**ACTIVITY:** Would you retype exactly the lines below, starting with the one that has "Stained glass of" and going on through the one that has "Lets Express 1.429375 as afraction", with no pictures and nothing else?

**DATA RECORDS:**
※

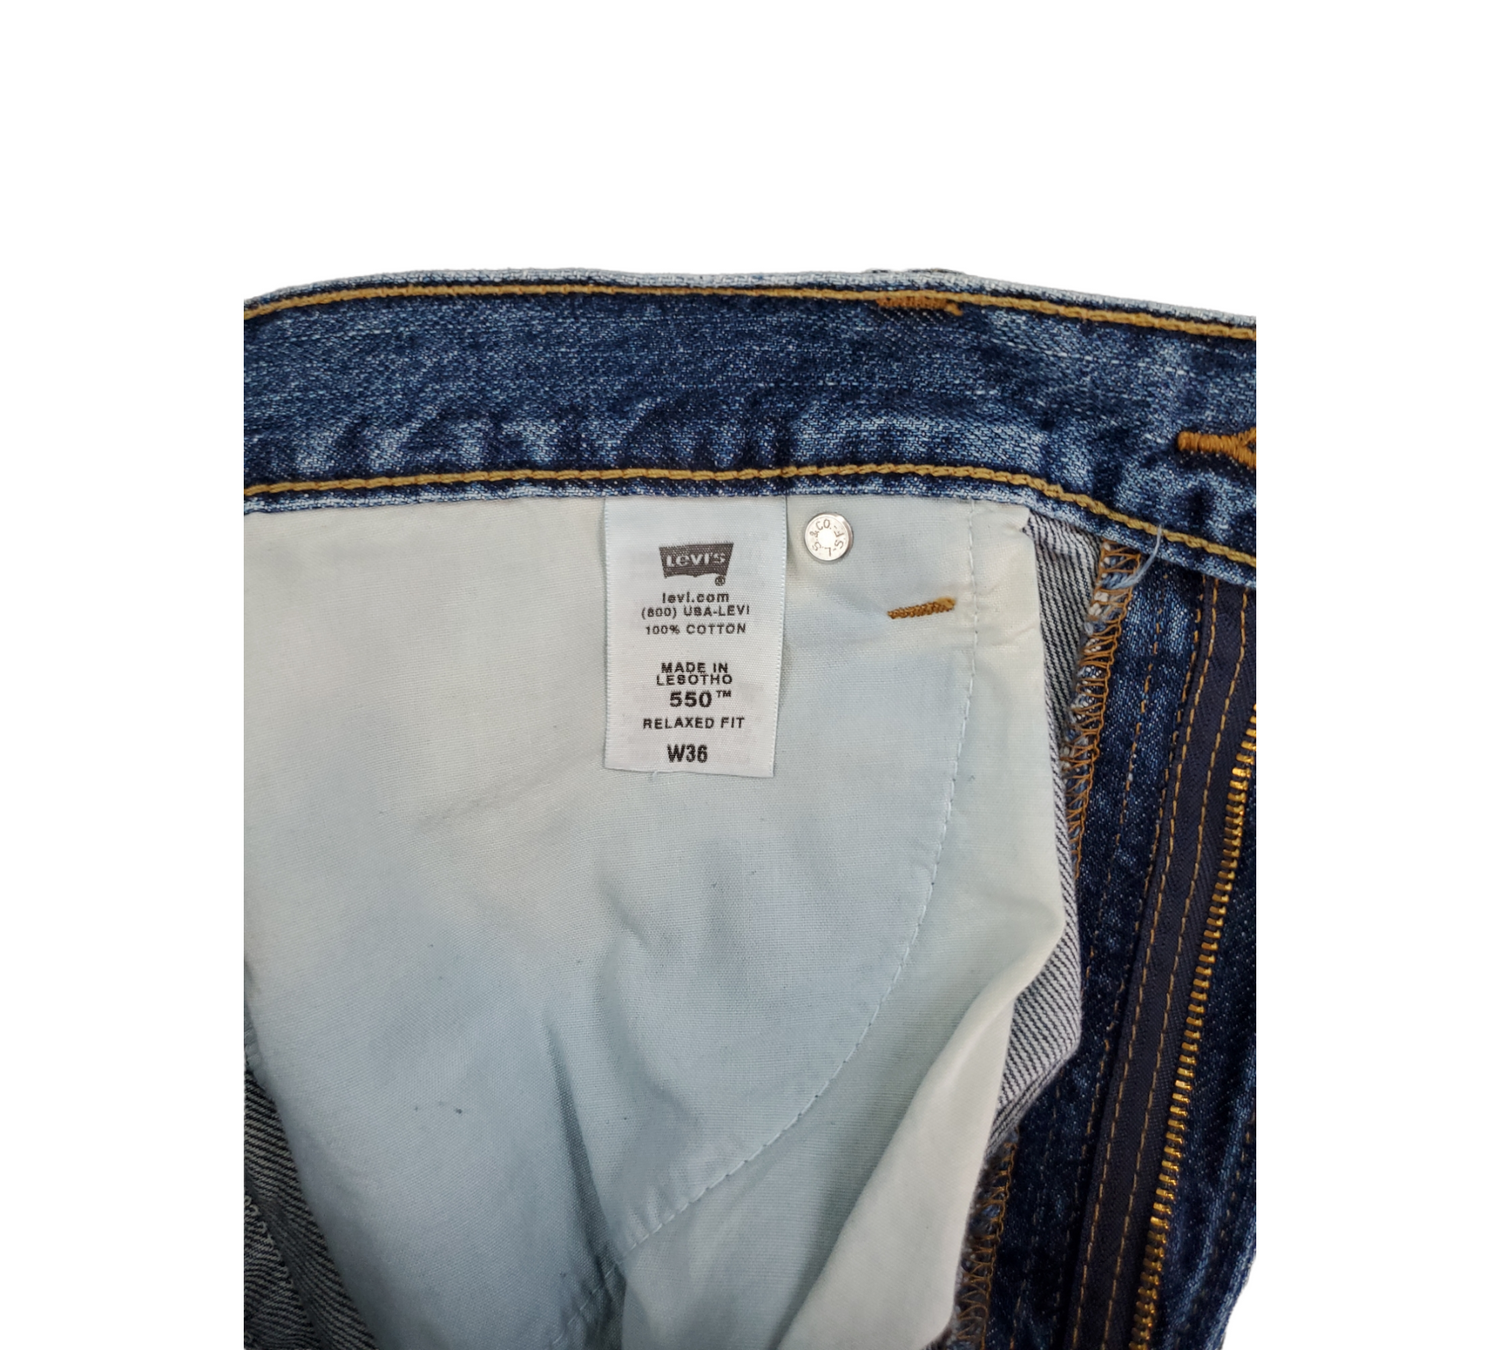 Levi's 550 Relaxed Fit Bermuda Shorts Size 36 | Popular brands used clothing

※

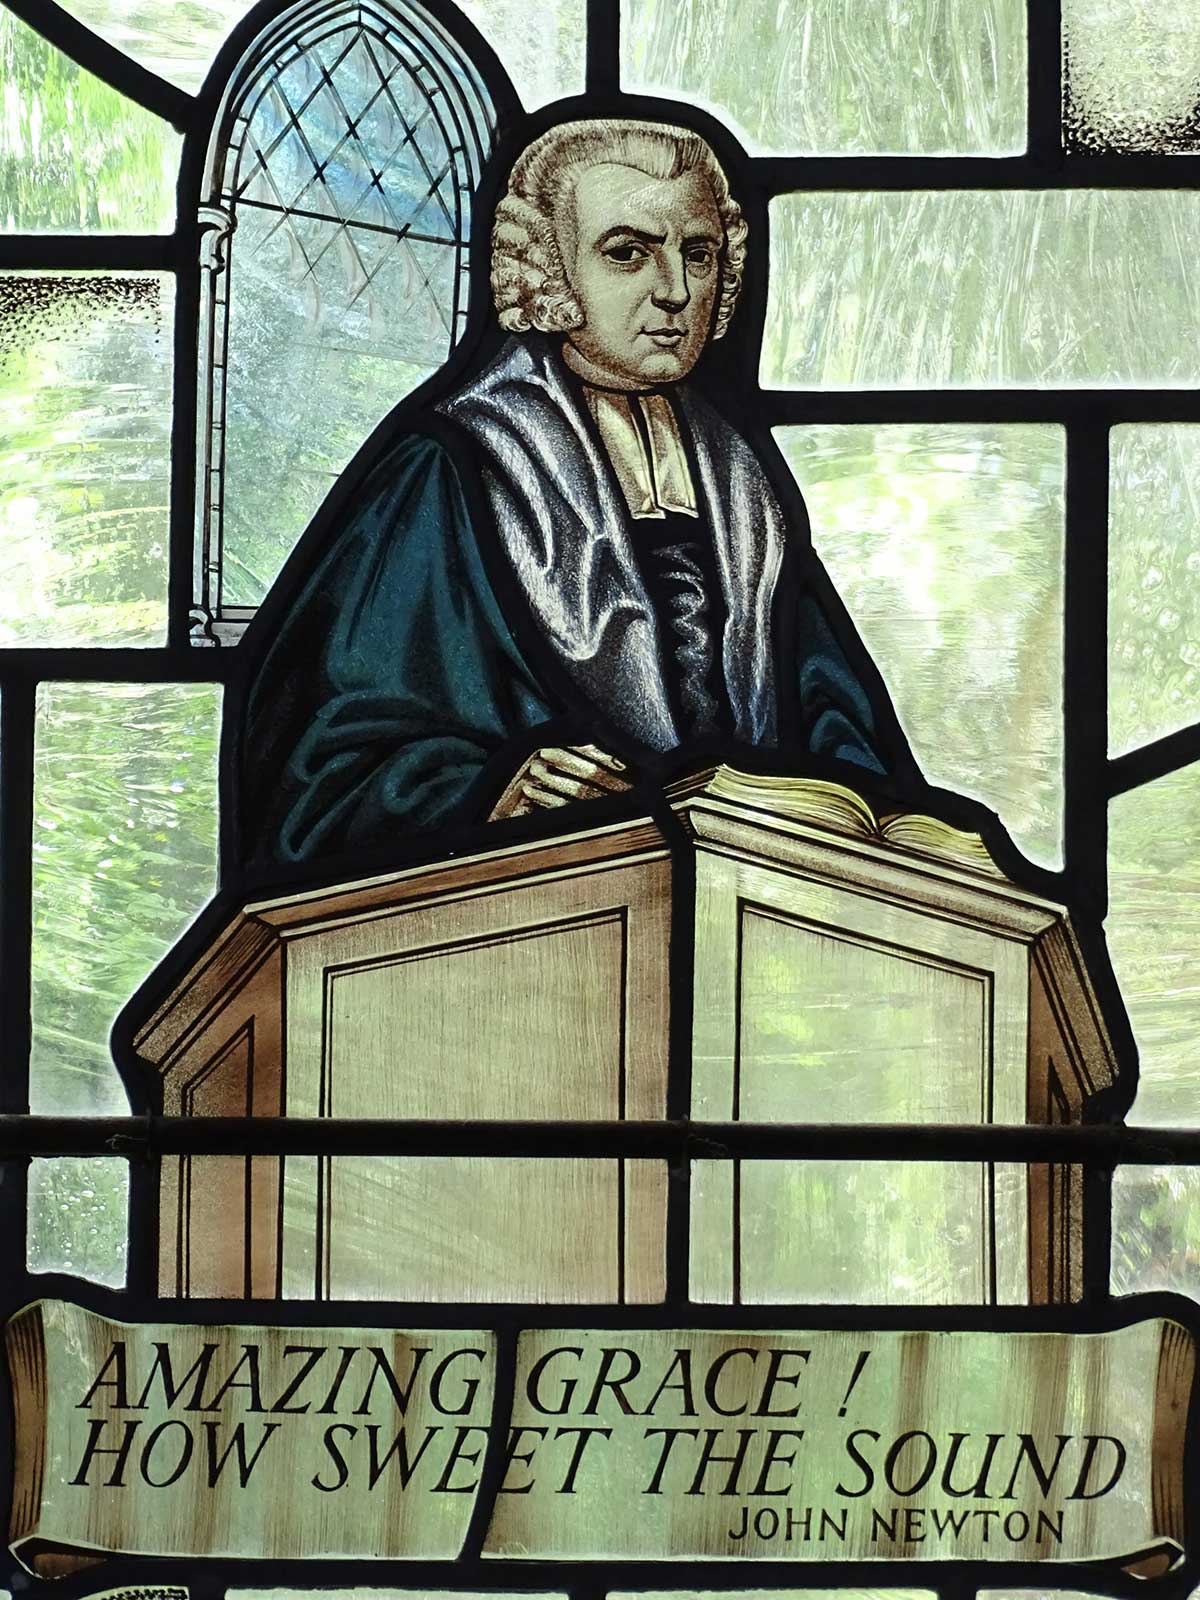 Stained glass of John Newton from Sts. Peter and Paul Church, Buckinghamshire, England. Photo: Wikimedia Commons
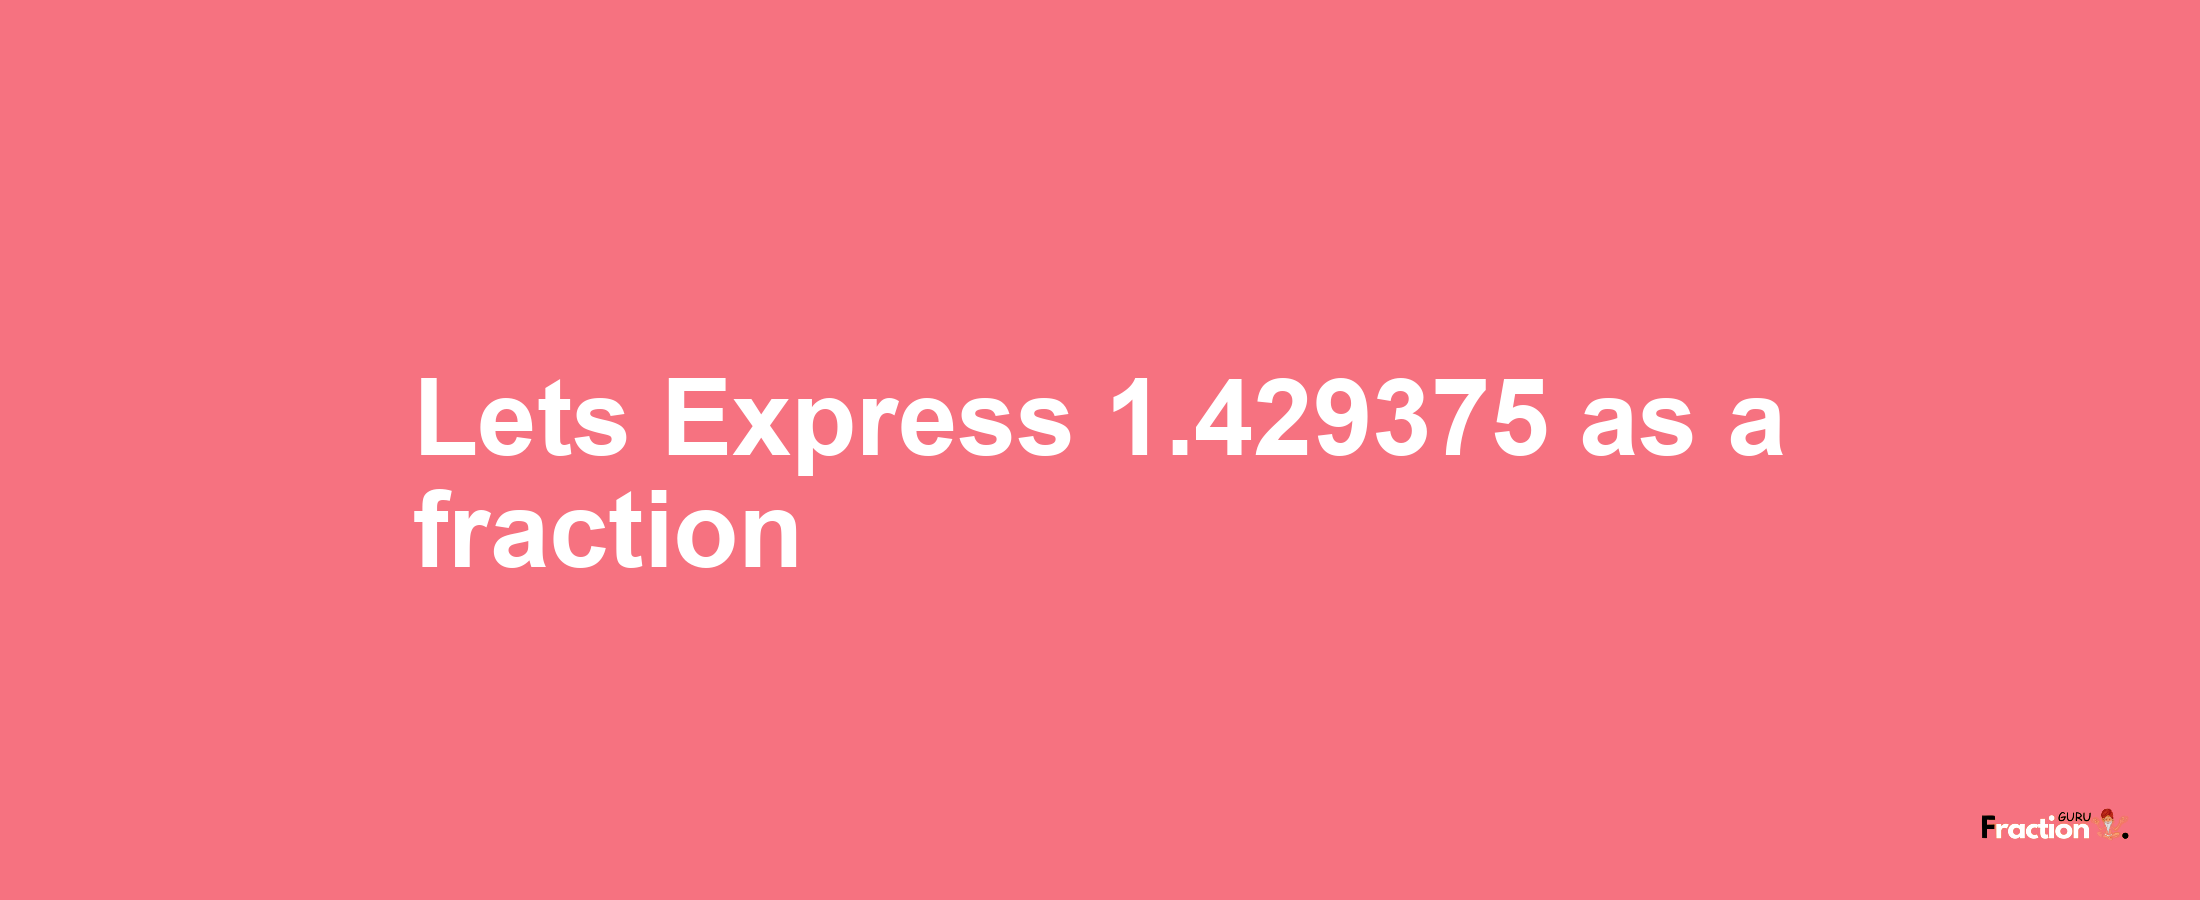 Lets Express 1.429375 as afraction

※

**EXPECTED ANSWER:**
 Stained glass of John Newton from Sts. Peter and Paul Church, Buckinghamshire, England. Photo: Wikimedia Commons
 Lets Express 1.429375 as afraction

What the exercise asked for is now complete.